In general, enveloped viruses attach to host target cells and enter into cells through the interaction between viral envelope proteins and cell surface receptors and coreceptors. Due to the lack of a robust cell culture system to support the replication of various HCV genotypes, surrogate systems have been developed to examine the mechanisms of HCV infection. Although in vitro binding assays have identified several candidate receptors for HCV (4), the final determination of a true entry receptor or coreceptor capable of internalizing HCV particles has to be made by an infection assay. Toward this end, pseudotype virus systems based on VSV (27, 39) and retroviruses (5, 23) have been established. Both VSV and retroviruses normally bud from the plasma membrane, and therefore foreign envelope proteins expressed on the cell surface have been believed to incorporate into the pseudotype particles. HCV E1 and E2 proteins form heterodimers that have static ER retention signals in their C-terminal transmembrane region (17) and pulse-chase experiments and endoglycanase treatment of the intracellular forms of the proteins or those incorporated into the HCVpp have revealed that only a small fraction of the HCV envelope proteins are translocated to the plasma membrane and modified to the complex-type glycans (48). In addition, it was demonstrated that recruitment of the foreign envelope proteins by MLV and the lentivirus core protein does not occur at the cell surface but takes place intracellularly in the endosomal pathway (55, 56). Production of pseudotype VSVs bearing unmodified envelope glycoproteins of bunyaviruses has also been reported, in spite of the static retention of the envelope glycoproteins in the intracellular compartment and the lack of translocation into the plasma membrane (46). Therefore, cell surface expression of HCV envelope glycoproteins may not necessarily be a prerequisite for generation of pseudotype particles based on VSV or retroviruses.

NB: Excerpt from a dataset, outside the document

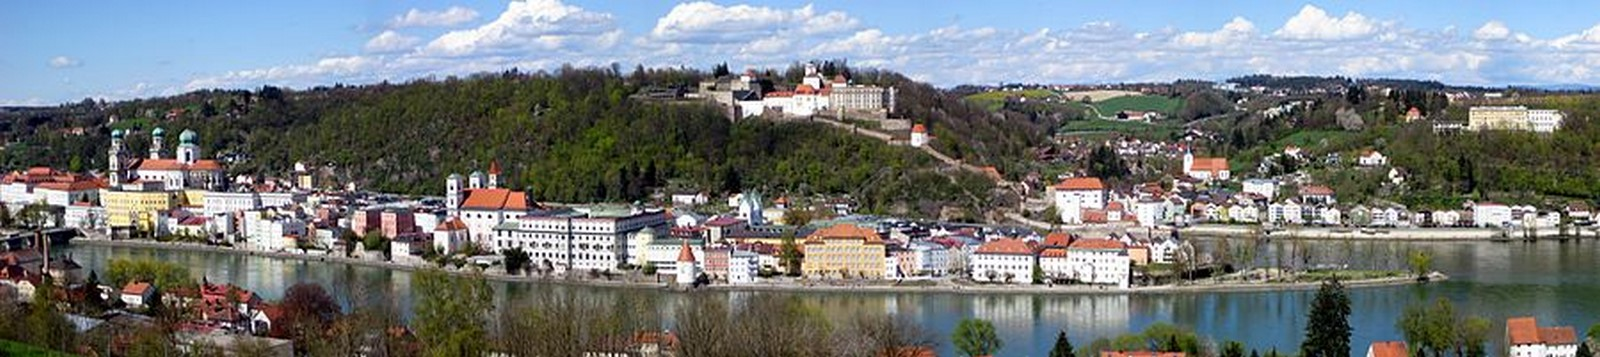 Passau and the Danube - Sheet2
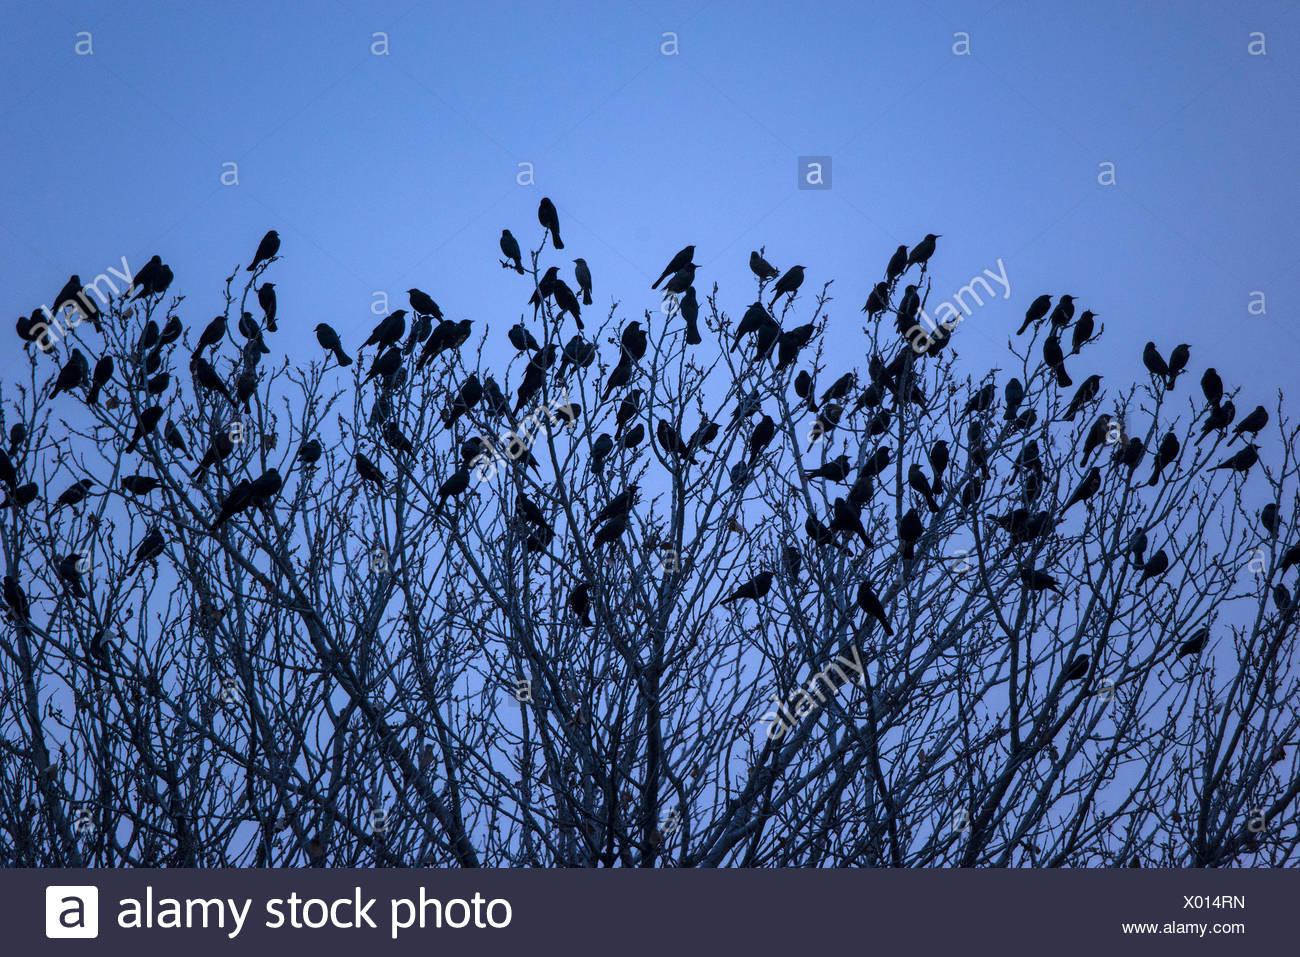 blackbirds, tree, treetop, bird - Stock Image

Recombinant VSV encoding foreign viral envelope proteins in place of the G protein has been shown to be a powerful tool for the investigation of viral infection and the development of vaccines for diseases caused by infection with viruses such as influenza virus, human immunodeficiency virus, respiratory syncytial virus, human papillomavirus, and filoviruses (20, 31). Although recombinant VSV encoding HCV envelope proteins has been generated as a surrogate model for HCV infection and a vaccine vector (9, 35), recombinant VSV generated in rodent cells possessing the chimeric E1 and/or E2 proteins has been shown to be noninfectious in a human hepatoma cell line that is susceptible to HCVpp infection (9). In this study, we successfully generated infectious recombinant and pseudotype VSVs incorporating unmodified E1 and E2 proteins in hepatic and nonhepatic human cell lines. The previously observed lack of infectivity of the recombinant VSV carrying the chimeric HCV envelope proteins might be attributable to the production of viral particles in rodent (BHK) cells (9), because in this study the HCVrv generated in BHK cells exhibited no infectivity in the target cells in spite of a sufficient amount of incorporation of the HCV envelope proteins. These results suggest that posttranslational modification or host factor(s) specific to human cells might be involved in the endowment of infectivity of recombinant VSVs. Furthermore, HCVrv can be produced in various cell lines upon infection with the G-complemented particles, which are known to exhibit infectivity in several cell lines, in contrast to the pseudotype viruses, infectious particles of which were recovered only in cells exhibiting a high competency of transfection, such as 293T cells. Therefore, generation of HCVrv in various human cells, including nonhepatic cells such as B cells, might be useful for investigating the cell-specific modification and/or factors determining the cell tropism of HCV infection.
Overwhelming evidence that hCD81 facilitates the entry of HCV into Hc via interaction with the E2 protein has been accumulated not only by surrogate models, such as purified E2 proteins, HCV-LP, and HCVpp, but also by authentic HCV particles and HCVcc of genotype 2a (4). In this study, both HCVpv and HCVrv were shown to be infectious in Huh7 cells, and this infectivity was shown to be mediated through the interaction with hCD81. Although overexpression of hCD81 in HepG2 cells which lack endogenous expression of hCD81 renders them susceptible to infection by surrogate viruses, primary human Hc and HeLa cells expressing hCD81 and the rodent CHO cells stably expressing hCD81 (CHOCD81 cells) were resistant to infection by HCVrv and HCVpv (Table 1) (5, 14, 67), suggesting that hCD81 is one of the important factors for HCV entry but is not sufficient for infectivity of HCV in target cells. Recently, it was shown that participation of hCD81 in the infection of HCVpp or HCVcc bearing HCV envelope proteins isolated during chronic HCV infection was reduced, suggesting that the affinity of HCV envelope proteins to hCD81 was reduced and HCV utilizes receptors other than hCD81 (62, 69). HCVrv is useful for studies of the generation of various genotypes of escape variants under pressure of neutralization antibody or antagonist against HCV receptor candidates. Further studies of the functional relevance of hCD81 and other receptor candidates in the entry steps of HCV, such as binding, endocytosis, and membrane fusion, are needed.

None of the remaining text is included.